The simple but catchy song was performed at a protest rally for the first time this weekend, but many of the tens of thousands in the crowd already knew the words.

On a snowy square across a frozen river from the Kremlin, the protesters sang along with the chorus, which sums up their weariness with Mr Putin as he intends to extend his 12 years in power by winning a presidential election in March:

"You're just like me, a man not a god. I'm just like you, a man not a sod."

The former paratroopers' song is just one of the many musical, literary and artistic creations that have inspired and enlivened the protest movement that is still largely the reserve of erudite, urban Russians.

Mikhail Vistitsky, 45, a veteran of the elite force, wrote the lyrics after attending one of the first big anti-Putin demonstrations in late December.

"Mikhail had the idea that a song, an anthem, was what the whole protest movement needed," said Stanislav Baranov, who contributed music and several lines to the song. "The lyrics came straight from his heart in like half an hour."

A video of them and three others performing the song lit up the internet, getting more than one million views in the first few days.

"We are not a professional band, we just expressed our discontent," Mr Vistitsky, who now runs a small construction business, said during an interview in the closed restaurant where the former paratroopers made the video. "My guitar skills are lousy, I'd be ashamed to play the song without the boys."

During the rally on Saturday, Mr Vistitsky sang along to the music, unwilling to test his guitar playing in the subzero temperatures.

The paratroopers were joined on the stage by some of Russia's most respected cultural figures, who have played major roles in organising the protests along with veteran politicians now in the opposition.

The artists' role in the demonstrations "is more important because they have not been discredited, while politicians have been, by their former government jobs, suspected corruption and so on", said the political analyst Stanislav Belkovsky. "Aesthetic forms of appealing to the protesters are more effective than political ones."

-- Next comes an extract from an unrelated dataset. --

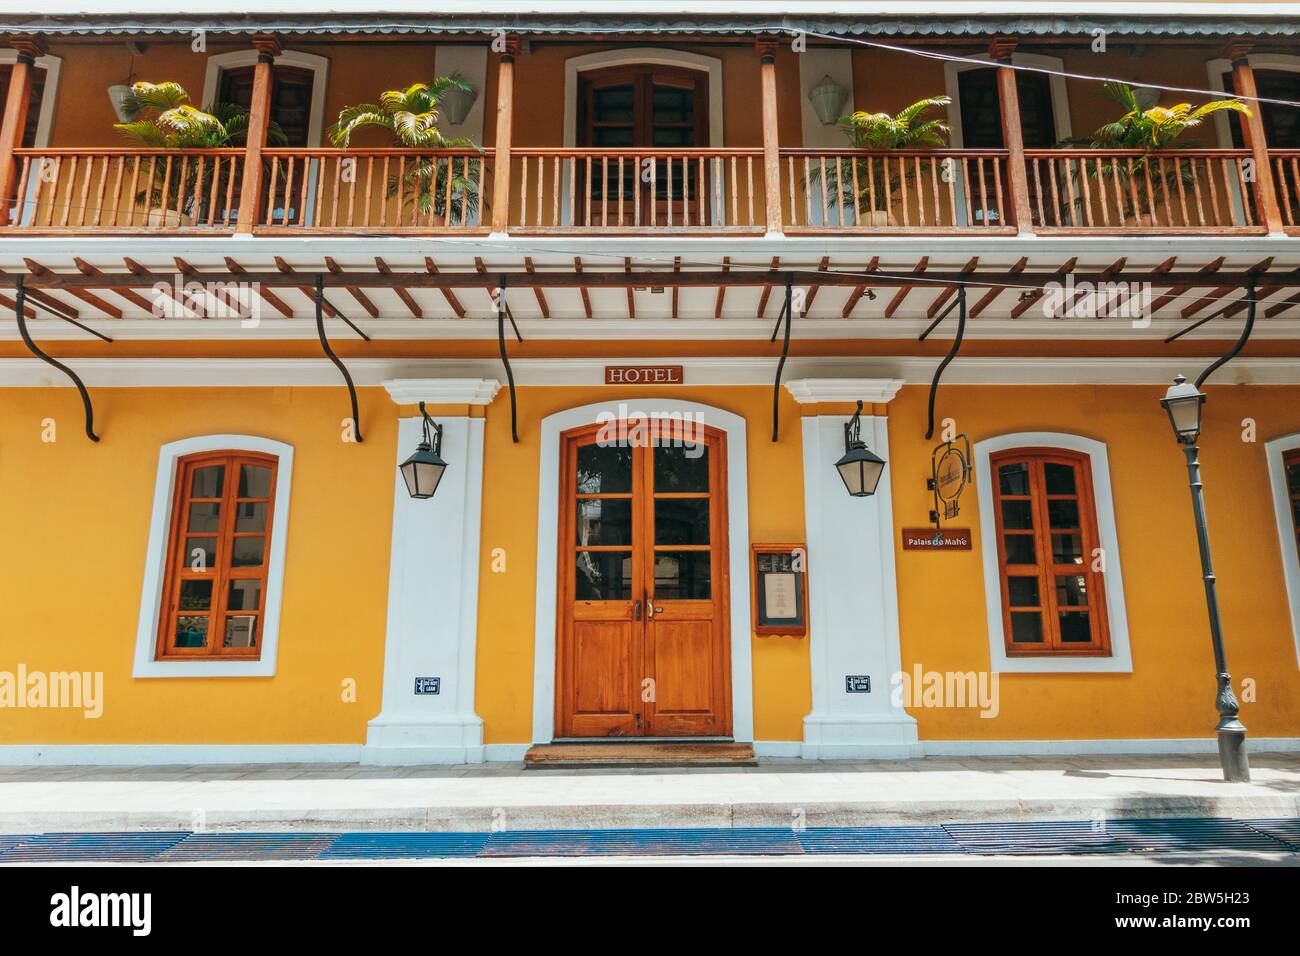 Hôtel situé dans un bâtiment restauré de l'époque coloniale française, doté de menuiserie en bois, à White Town, Pondichéry, en Inde Banque D'Images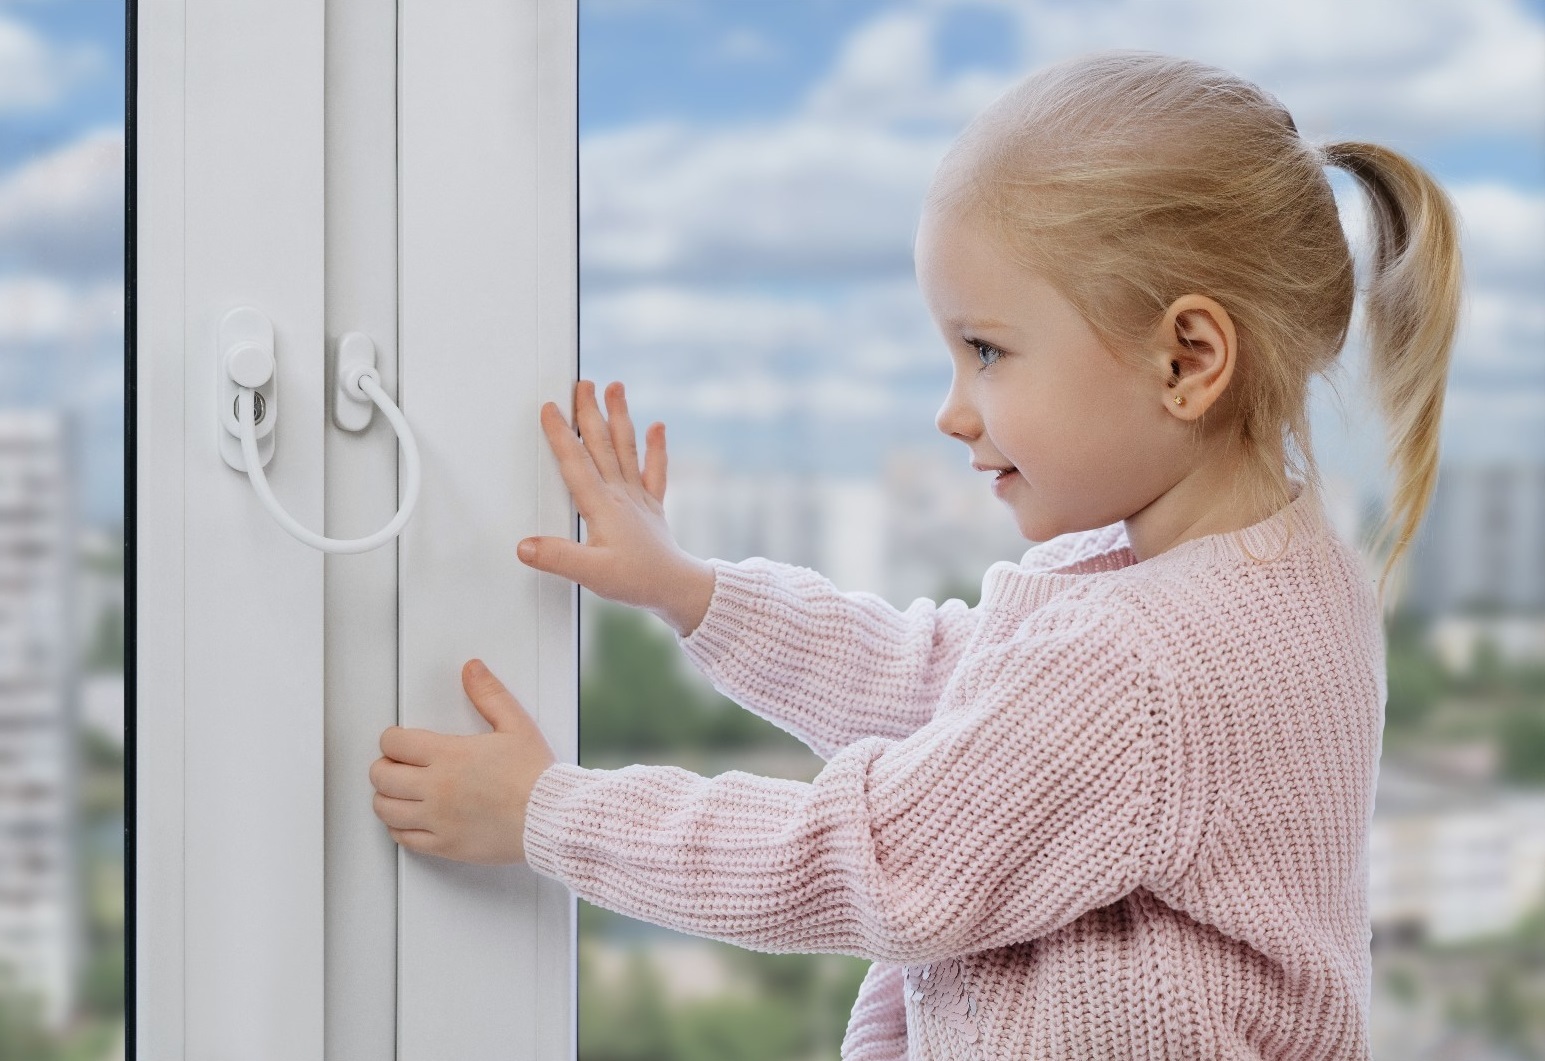 Как обезопасить окна от детей: защита, замки, блокировки

The paratroopers' song is not high art, but its straightforward honesty and marching beat has won the hearts of many disgruntled Russians.

The video of the song was released in late January and produced a flood of comments, largely because of the performers' military past.

Mr Vistitsky served in a Soviet battalion in East Germany in the mid-1980s, not far from where the KGB officer Mr Putin served around the same time.

As president and now prime minister, Mr Putin has counted the secret services and armed forces among his loyal supporters, and the paratroopers are one of the most professional and cohesive branches of the Russian military.

The chairman of the Union of Paratroopers said the song runs counter to what Russian paratroopers stand for. "The union will not march to the beat of somebody else's drum or guitar," Valery Yuriev said.

Mr Vistitsky dismissed the criticism as part of the Kremlin's effort to portray the protesters as part of a Western plot to weaken Russia.

"It's not offensive at all, because we're used to seeing dishonest people in power do nasty and mean things."